For speed and convenience, Truman suggested that the excise-tax bill now in Congress be turned completely around. Drop entirely the proposed tax cuts for furs, purses, leather goods, the President told Congress, but keep that part of the bill which would have made up $500 million by closing tax loopholes. He recommended 1) an increase of $1.5 billion in corporation taxes and 2) return of individual tax rates to 1945 levels, to produce $3 billion. He suggested that corporations begin paying the new rates retroactively from Jan. 1, 1950, but that personal taxes not be increased until October.

For the taxpayer, the income-tax jump would not hurt as much as it sounded.

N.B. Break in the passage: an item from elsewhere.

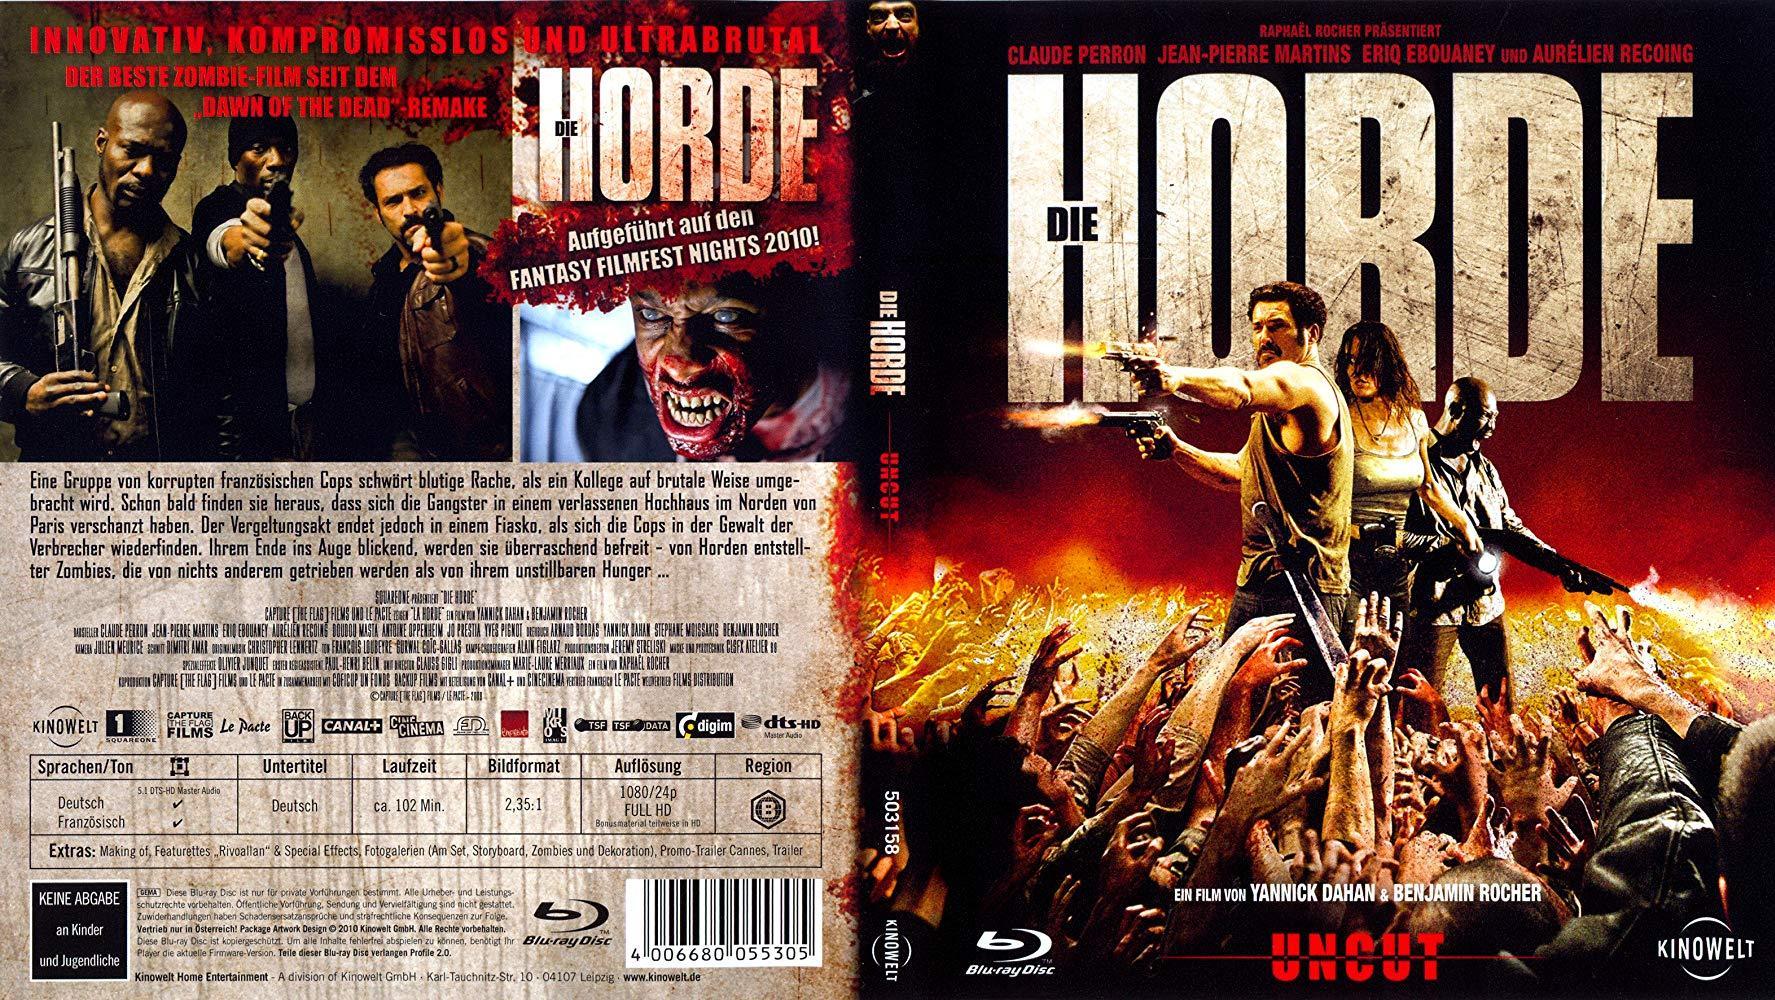 مشاهدة فيلم The Horde 2009 HD مترجم كامل اون لاين

The present $600 exemption for dependents would remain, as would the privilege of splitting income between husband & wife. Though rates themselves would be back near wartime peaks, the tax actually paid by each taxpayer would be far less--roughly 14% to 20% more than his present tax in most brackets.

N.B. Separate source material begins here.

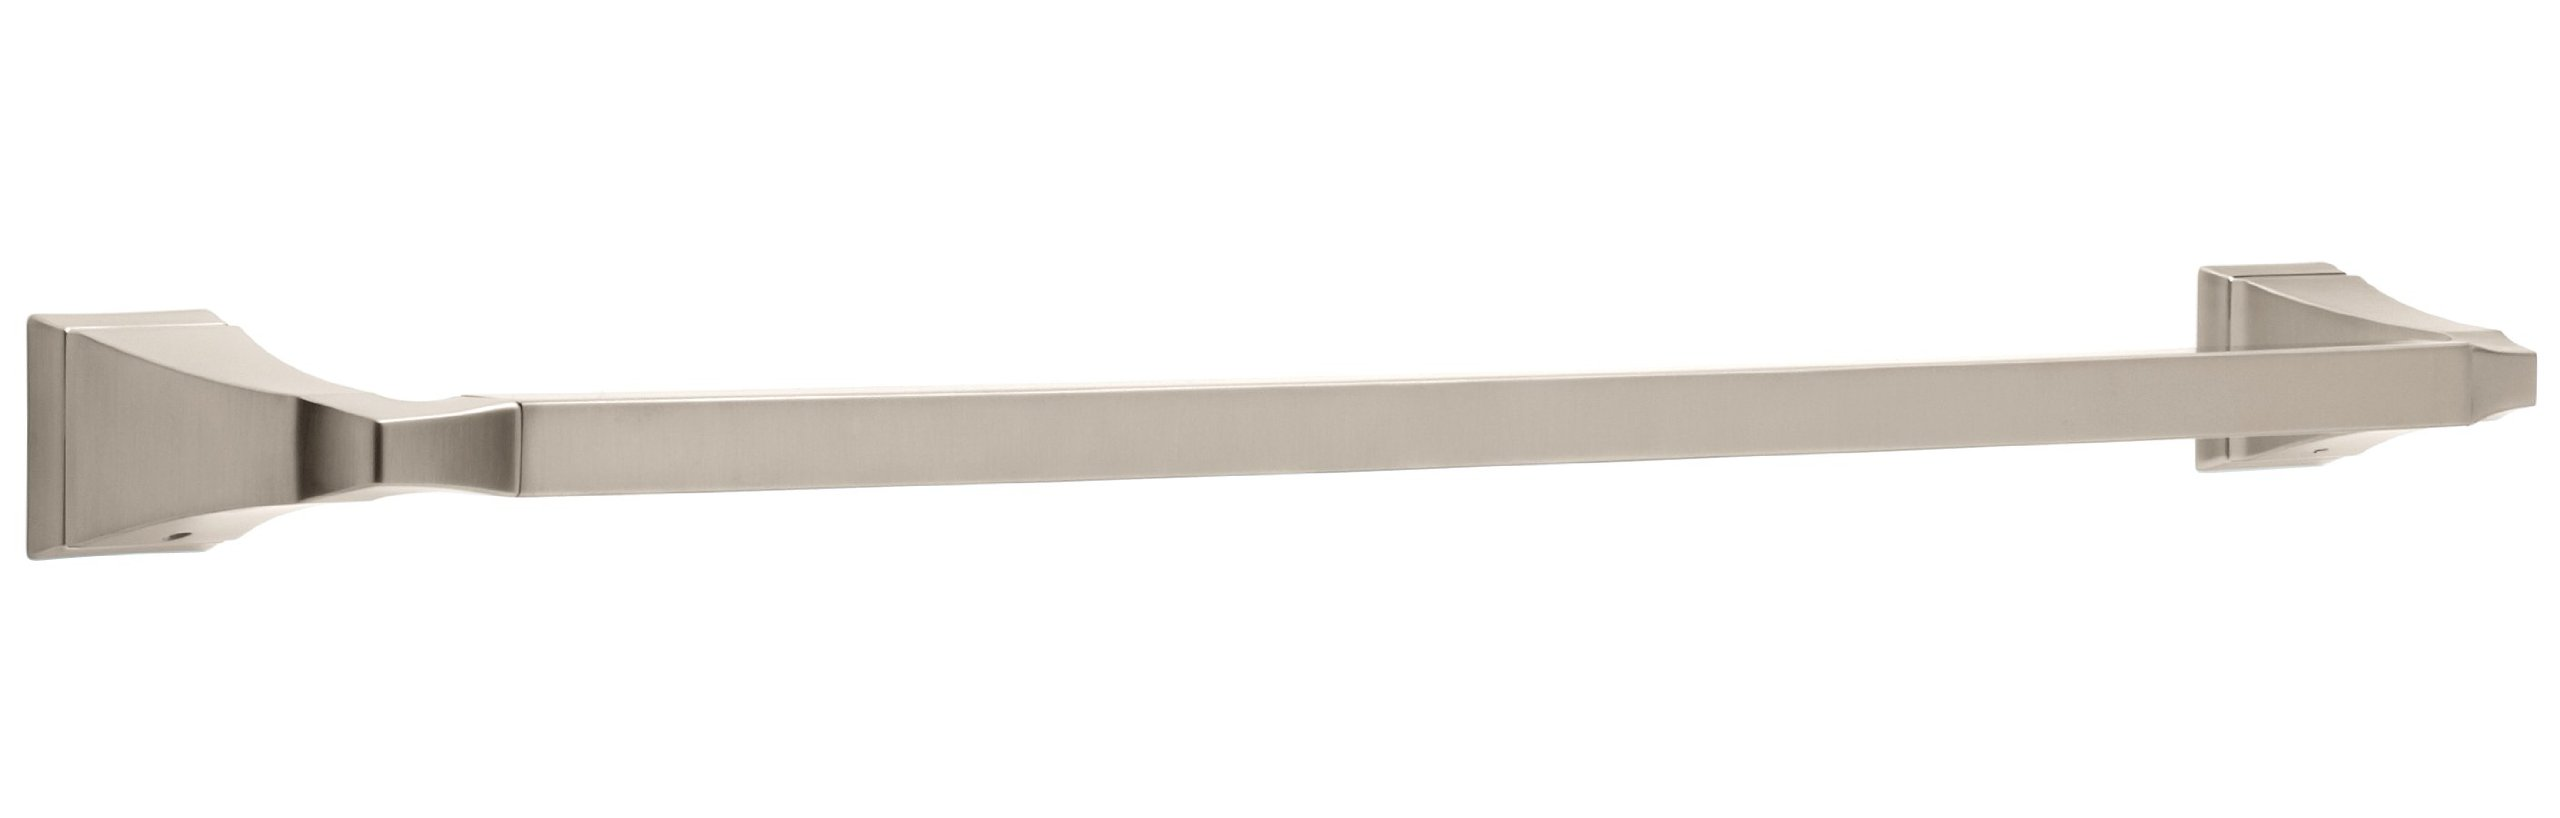 Delta Faucet 128889 Dryden 24'' Towel Bar, Brilliance Stainless Steel

But there would be more taxes later. At the moment, Harry Truman saw no need to request such unpleasant things until after the elections.

Strongest Ever. How would the nation take its new tax load? In his midyear economic report, which was completely rewritten after the Korean attack, Harry Truman reported confidently that the economy "is stronger for whatever tasks lie ahead" than ever before. The world's mightiest economy was producing goods and services at the prodigious rate of $267 billion a year--an alltime high and (measured in a new term called "constant dollars," i.e., 1949 dollars) some $107 billion higher than 1939. Employment was at a peak of 61.5 million. Productivity of U.S. labor had risen nearly 32% since 1939. In short, the arguments the President made to justify his tax load actually justified a bigger one.

If Congress gave him the taxes and limited powers he had requested, Truman insisted, inflation could be avoided without all-out controls. He declared that "serious shortages of consumer goods will not develop unless they are created artificially." He urged buyers to "refrain from hoarding or avarice," urged producers to practice "restrained pricing," asked labor to avoid "wage demands of a character which might lead to another inflationary spiral."

At week's end, the President boarded the Williamsburg for a cruise down the Potomac, a one-day pause in his steady, and increasingly grim, preoccupation with his job. He was in touch, by radio, with the news from Korea, also increasingly grim. The current was carrying him on. It seemed only a question of time before President Truman would have to take stouter action. The nation's preparations, as Bernard Baruch had well said, had to be keyed to the worst possibilities of Russian behavior, not to the least dislocation of the U.S. economy.